I have heard that there are about 5 states that are sending letters to the residents of that State telling them that they should be getting LTC insurance because the State will not have the money to take care of them. Now I have heard this from three different people...so, does anyone know about this and is there a link or copy of the letter being sent out?
Thanks

What would the state's suggestion be for most of the people who can't get through underwriting?
 
I have heard that there are about 5 states that are sending letters to the residents of that State telling them that they should be getting LTC insurance because the State will not have the money to take care of them. Now I have heard this from three different people...so, does anyone know about this and is there a link or copy of the letter being sent out?
Thanks

The federal government is requiring all states to adopt a partnership program similar to what Indiana and several other states already have. This is a plan to help save Medicaid from going broke.

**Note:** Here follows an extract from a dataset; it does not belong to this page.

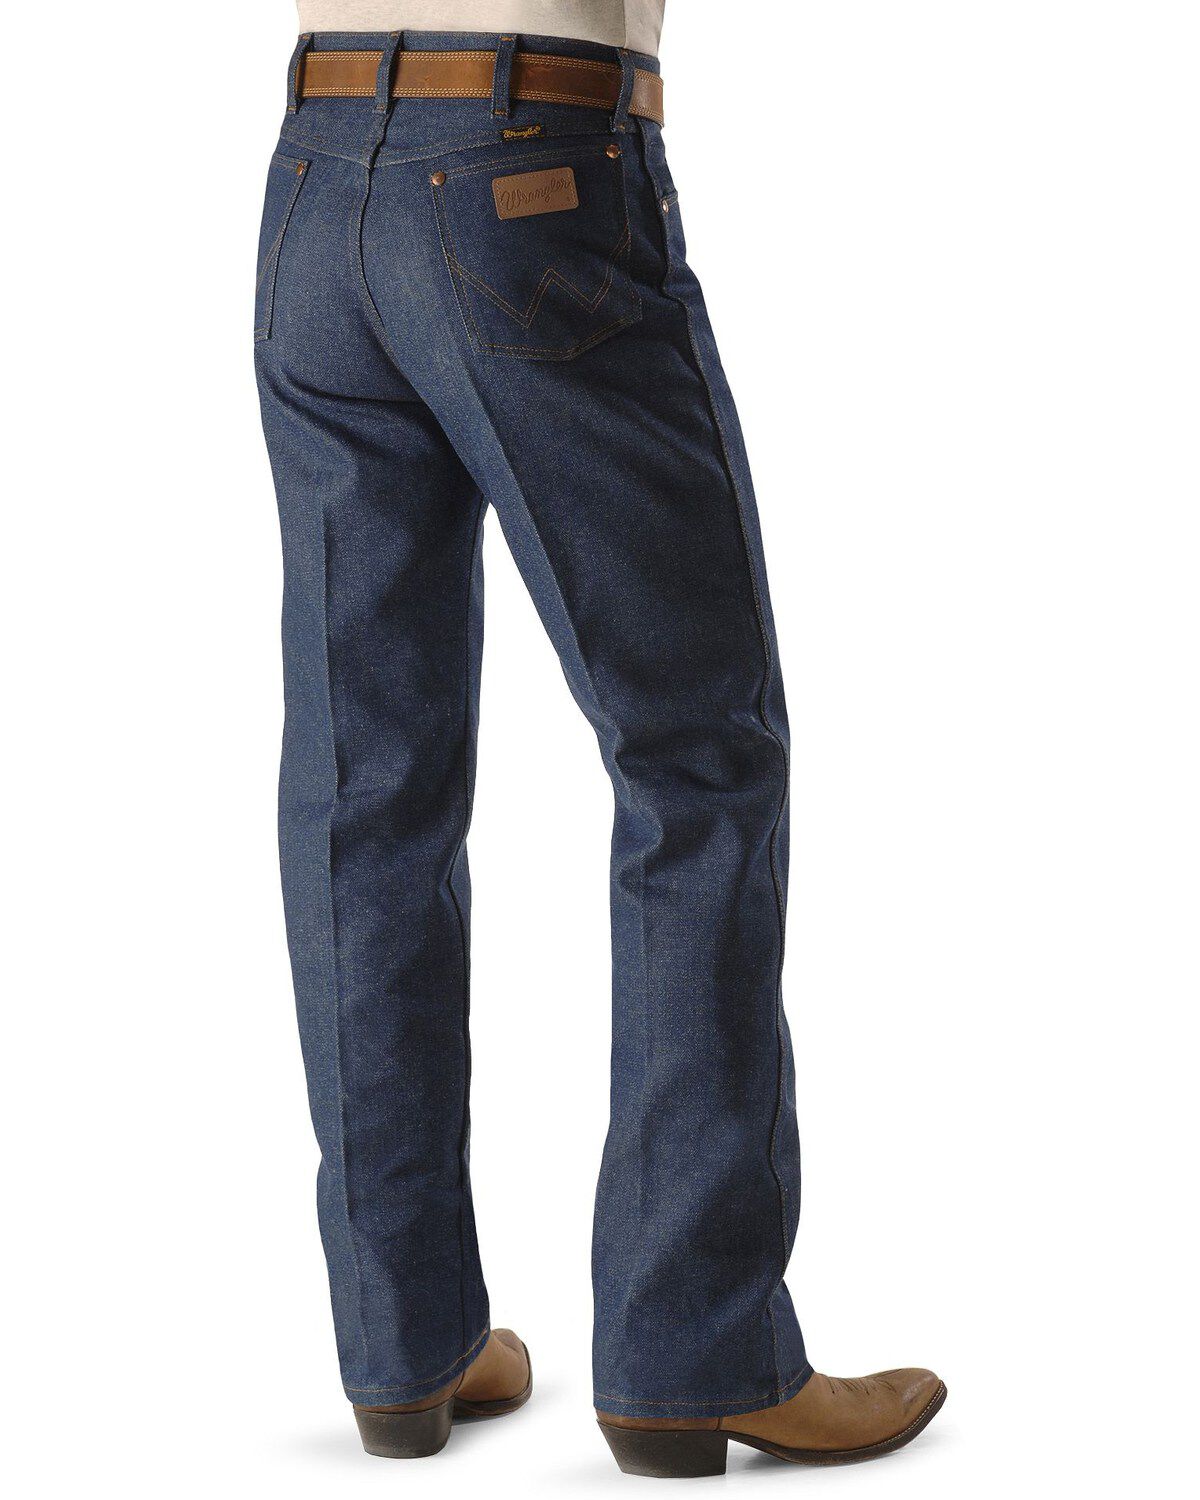 Wrangler Men's Jeans

Basically it will encourage more people to buy long term care insurance and the more people that have it the fewer that will end up on Medicaid from bad planning (middle-class not the poor ones.) This will help preserve Medicaid for the truly needy.

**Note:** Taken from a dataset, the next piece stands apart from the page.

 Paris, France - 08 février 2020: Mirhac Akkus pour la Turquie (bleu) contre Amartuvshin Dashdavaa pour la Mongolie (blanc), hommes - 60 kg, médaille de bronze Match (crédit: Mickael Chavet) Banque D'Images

Each state is required to spend money promoting the program. "Long Term Care Insurance is good for America" is a slogan for the program.

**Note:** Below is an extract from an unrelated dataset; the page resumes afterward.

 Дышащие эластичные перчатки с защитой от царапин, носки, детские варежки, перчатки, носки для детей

The advantage to the consumer is; is you buy one of these partnership plans, if you outlive the plan benefits the state will carry you and you will never have to spend down your assets to qualify for Medicaid.

One of the requirements of the plans is they MUST have inflation protection. Indiana's requires 5% annual compounded. That adds a lot to the premuim. I think the federal requirements will only require 3% simple which will be much, much less.

Good program.
 
The advantage to the consumer is; is you buy one of these partnership plans, if you outlive the plan benefits the state will carry you and you will never have to spend down your assets to qualify for Medicaid.

My understanding of partnership program is that the amount of LTC benefit that is brought is the elimination of the spenddown. Yet anything above that amount will need to be spentdown. If you purchase say $200 grand of benefit then $200 grand will be the amount that will not count towards the spenddown.
 
In that case, why not buy a $200,000 life policy and put it in an ILIT. Wouldn't that protect the $200k form spendown and be cheaper than paying LTC premiums. I know it would not help the system but it would help the client.

Is it our duty to save the client or the system? Should we be looking for loopholes so people can dodge losing their assets and using gov't funds?
 
In that case, why not buy a $200,000 life policy and put it in an ILIT. Wouldn't that protect the $200k form spendown and be cheaper than paying LTC premiums. I know it would not help the system but it would help the client.

Is it our duty to save the client or the system? Should we be looking for loopholes so people can dodge losing their assets and using gov't funds?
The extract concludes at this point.